▶ _ABOUT THIS TASK_:
Each line below from the line with "E animal dom?stico" to the line with "孙艺珍童年照被曝颜值高 疑曾被恶意p图称其整容|韩星|写真照_网易娱乐" must be copied exactly, including those two, and no picture may appear in the copy.

▶ _INFORMATION_:
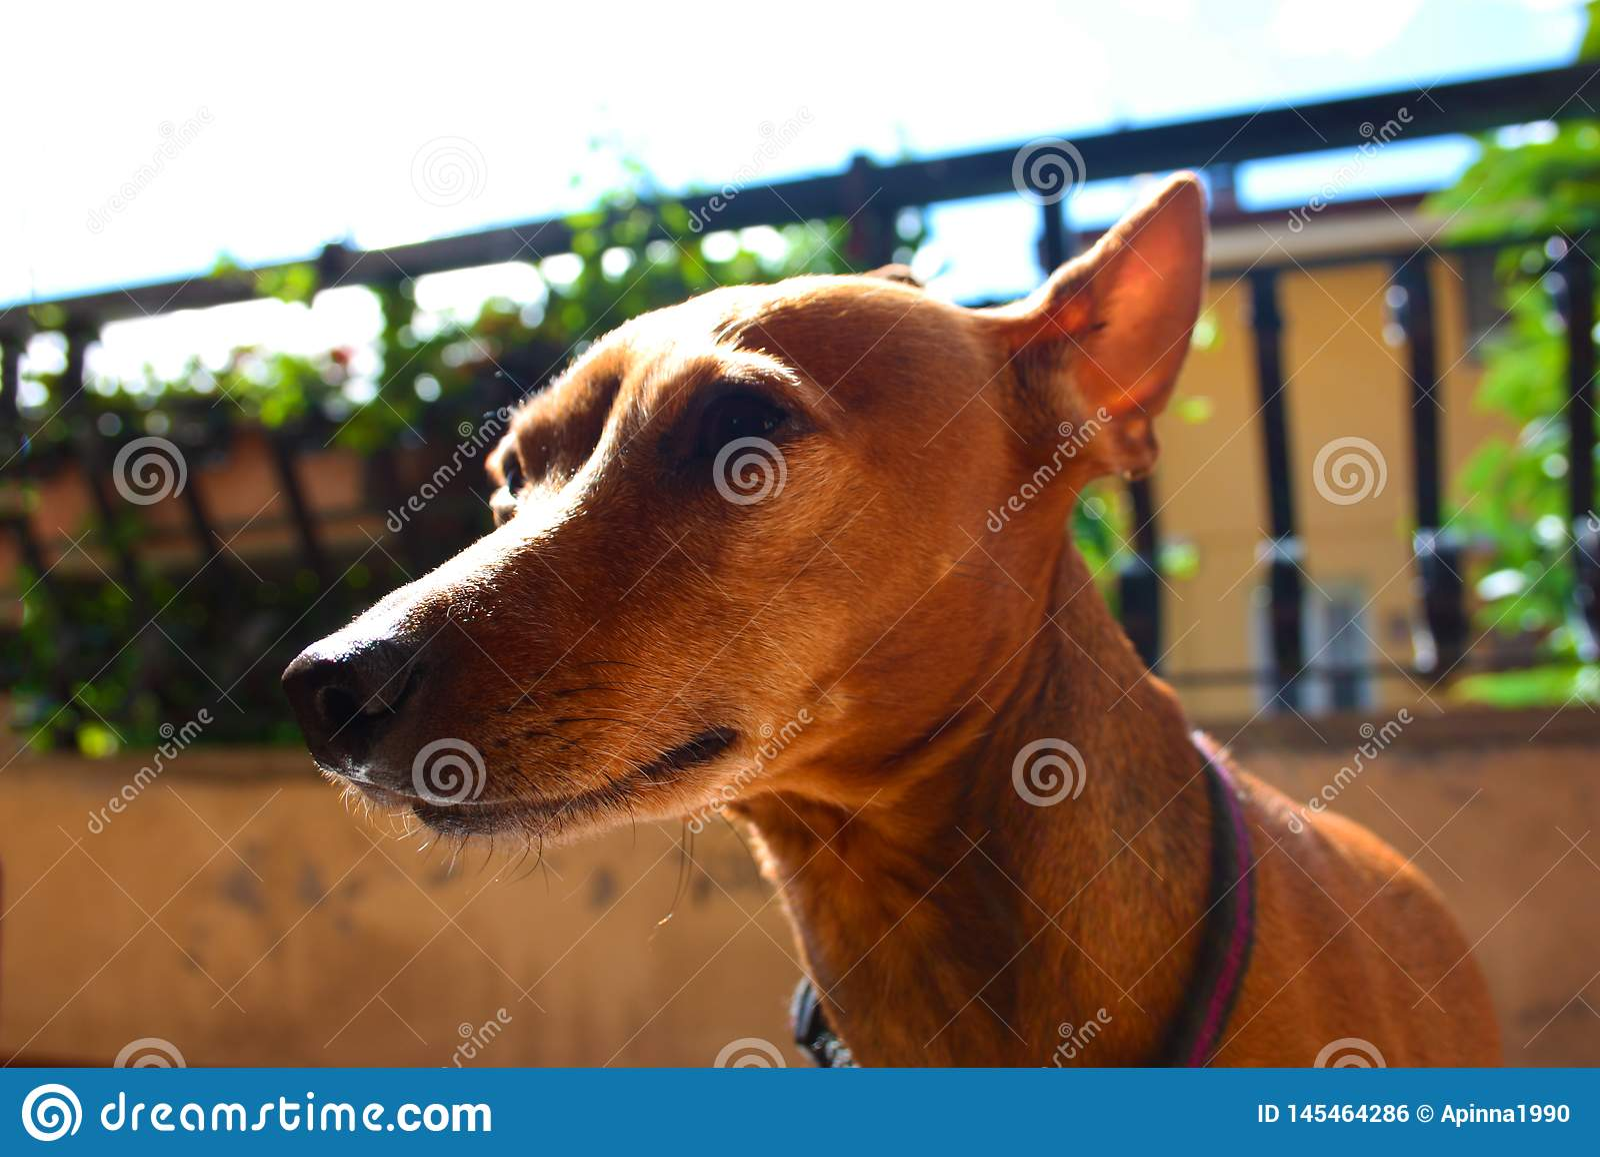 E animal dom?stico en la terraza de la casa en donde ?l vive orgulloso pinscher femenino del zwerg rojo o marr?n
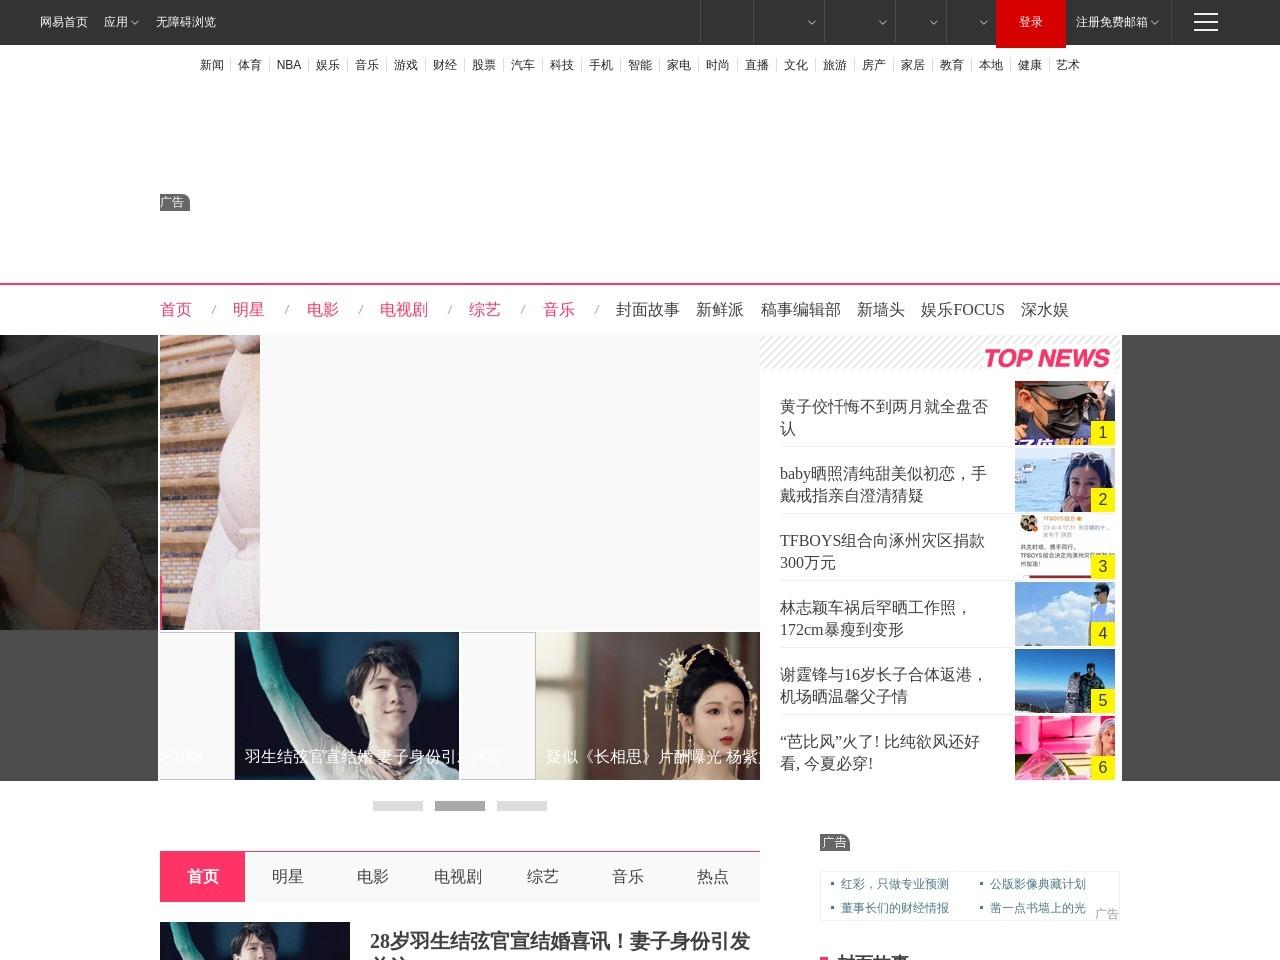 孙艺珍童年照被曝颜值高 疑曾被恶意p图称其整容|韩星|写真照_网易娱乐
--
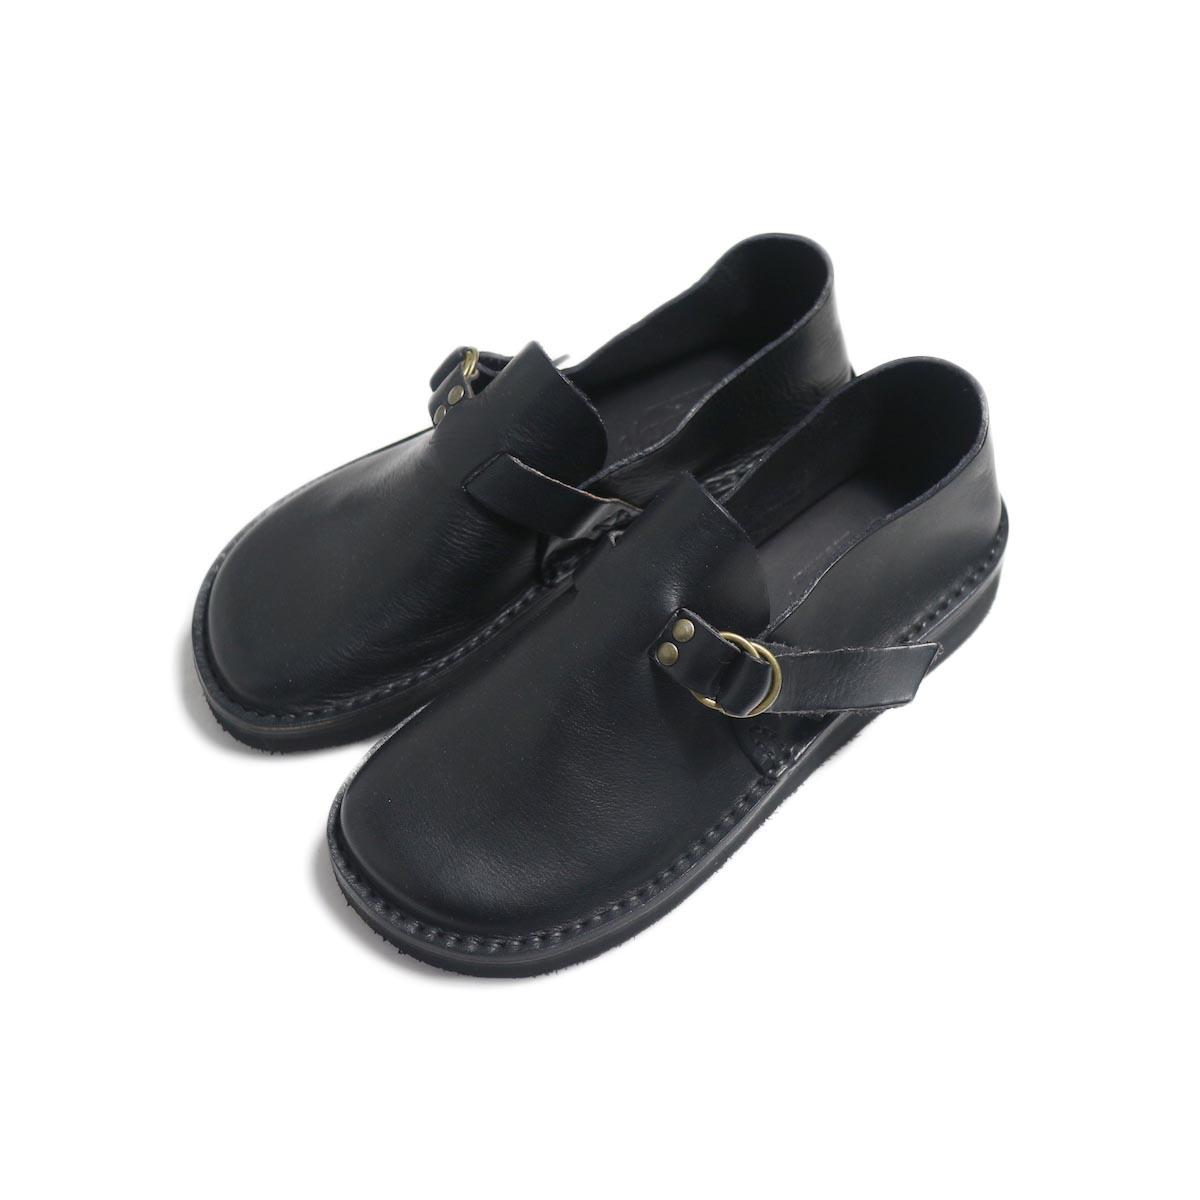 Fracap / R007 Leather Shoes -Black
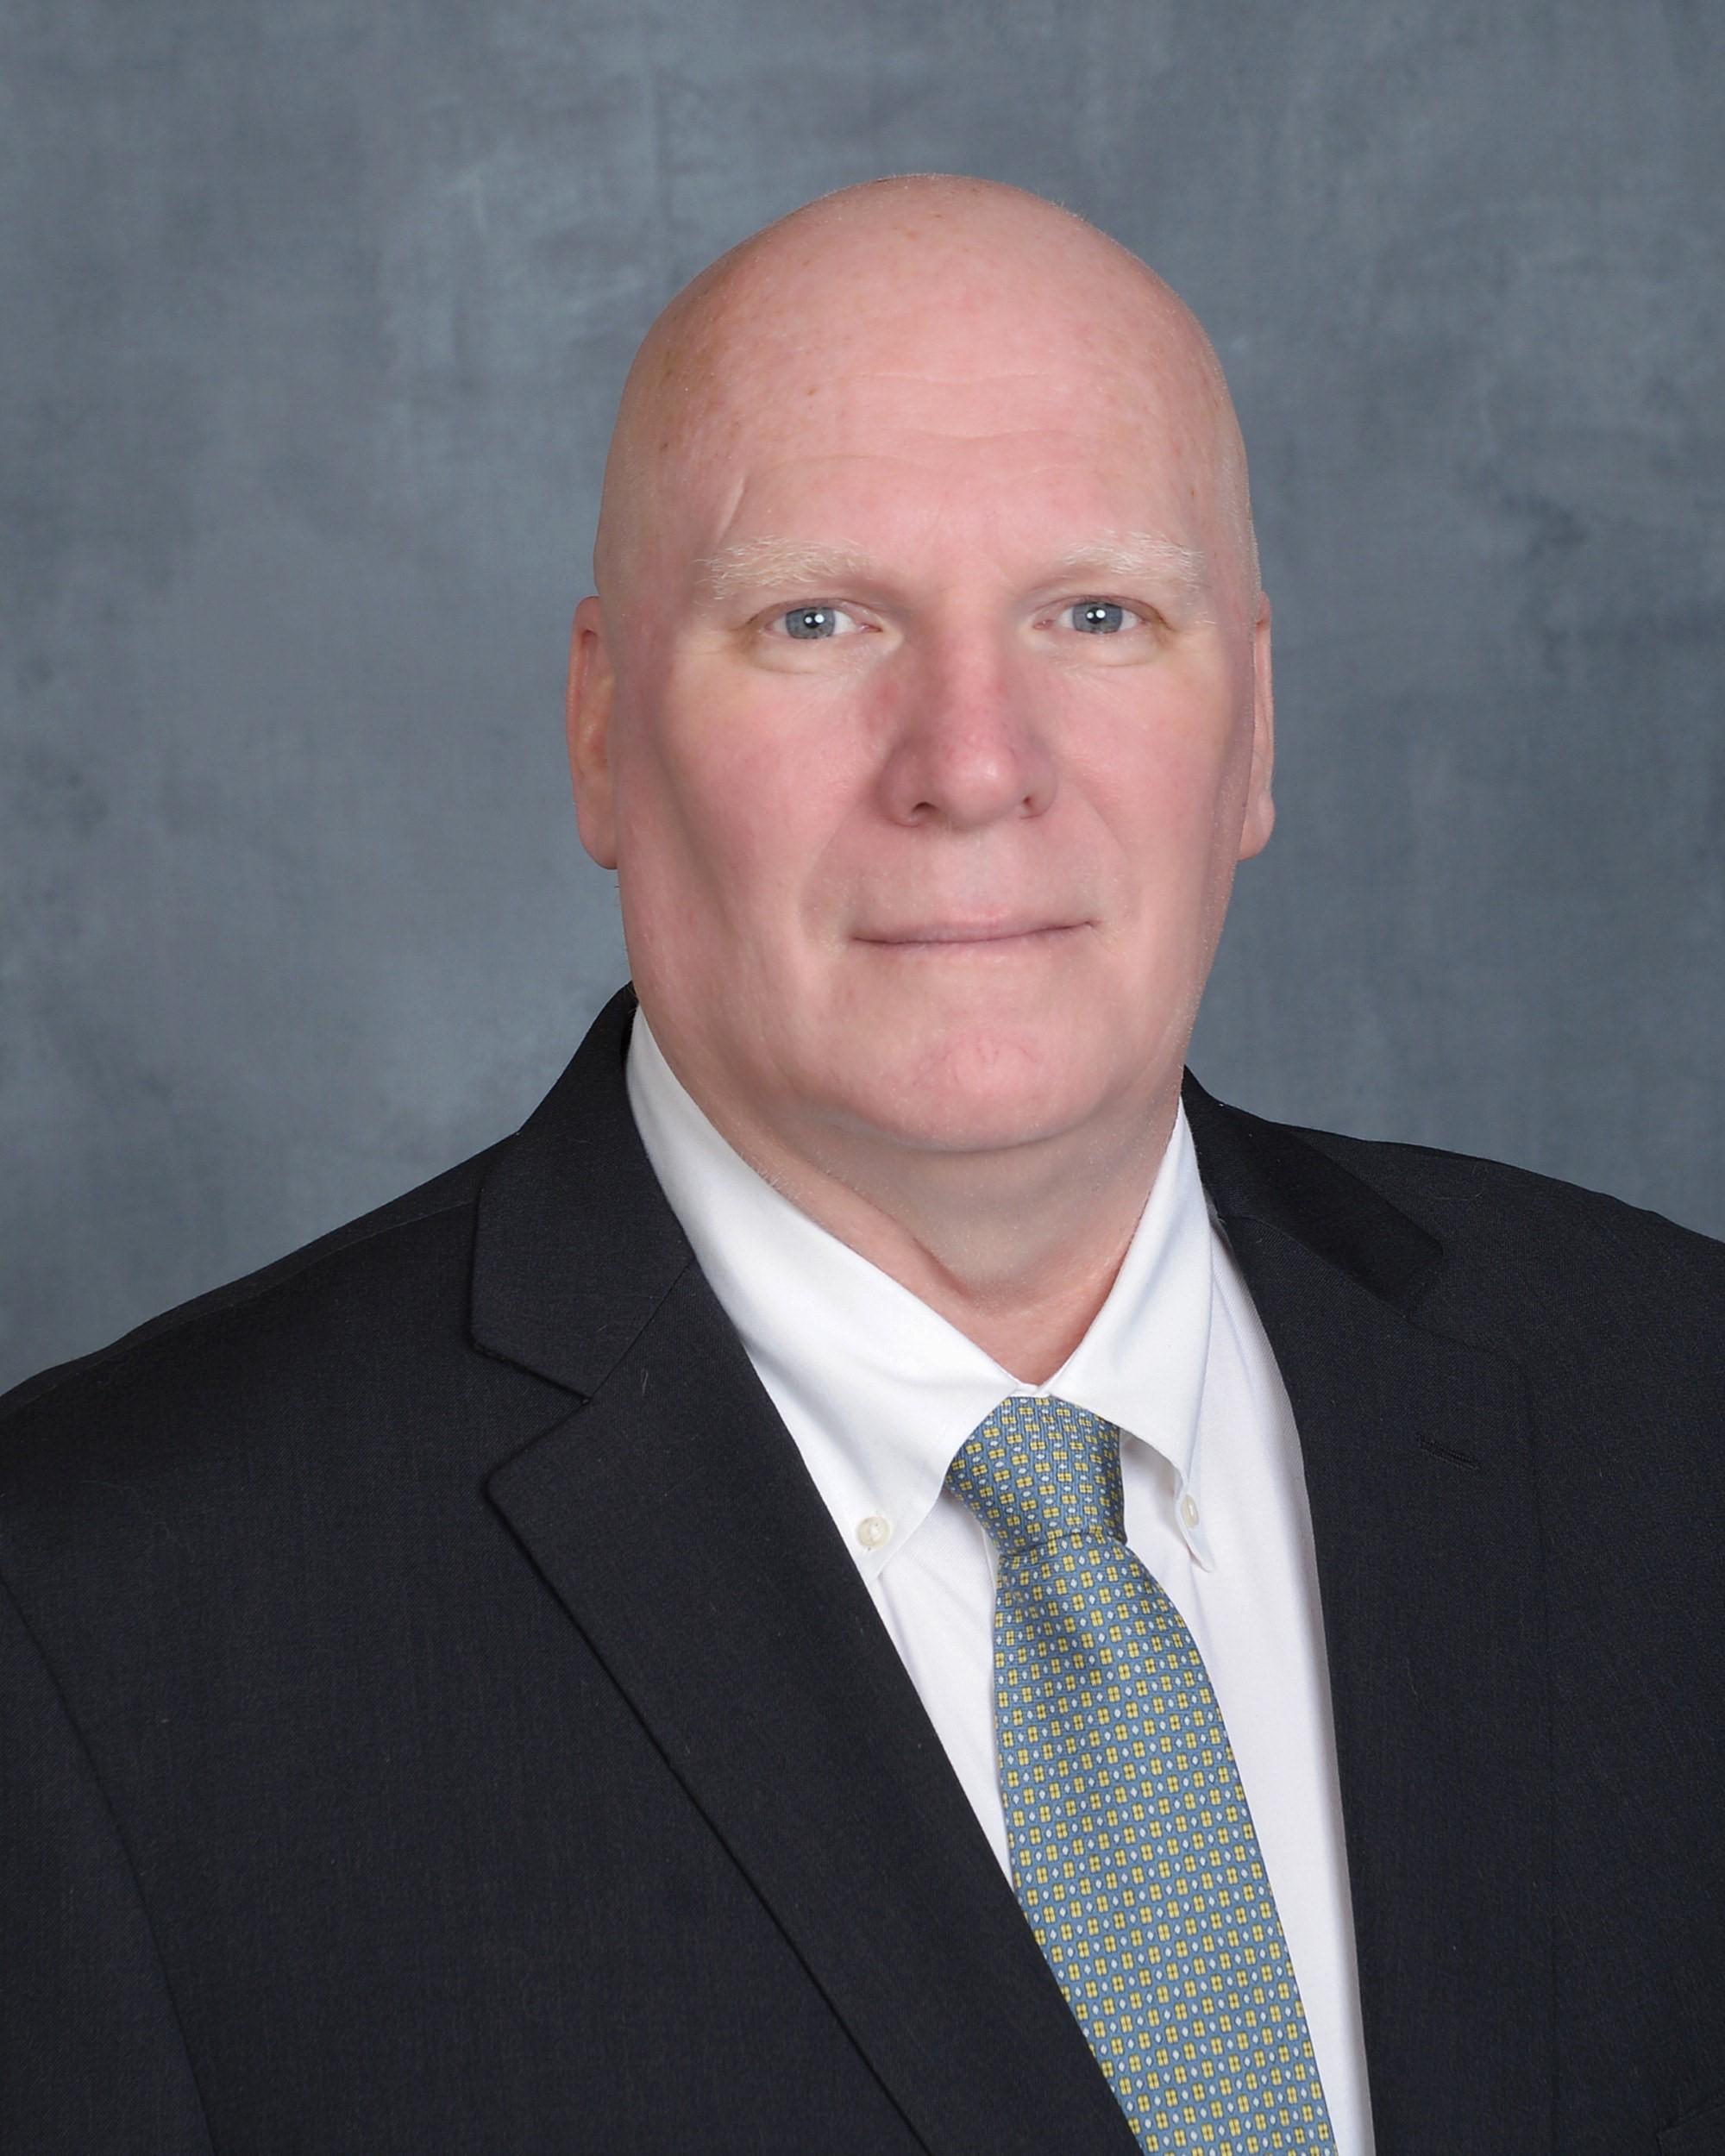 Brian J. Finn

▶ _SOLUTION TO THE PROBLEM_:
 E animal dom?stico en la terraza de la casa en donde ?l vive orgulloso pinscher femenino del zwerg rojo o marr?n
 孙艺珍童年照被曝颜值高 疑曾被恶意p图称其整容|韩星|写真照_网易娱乐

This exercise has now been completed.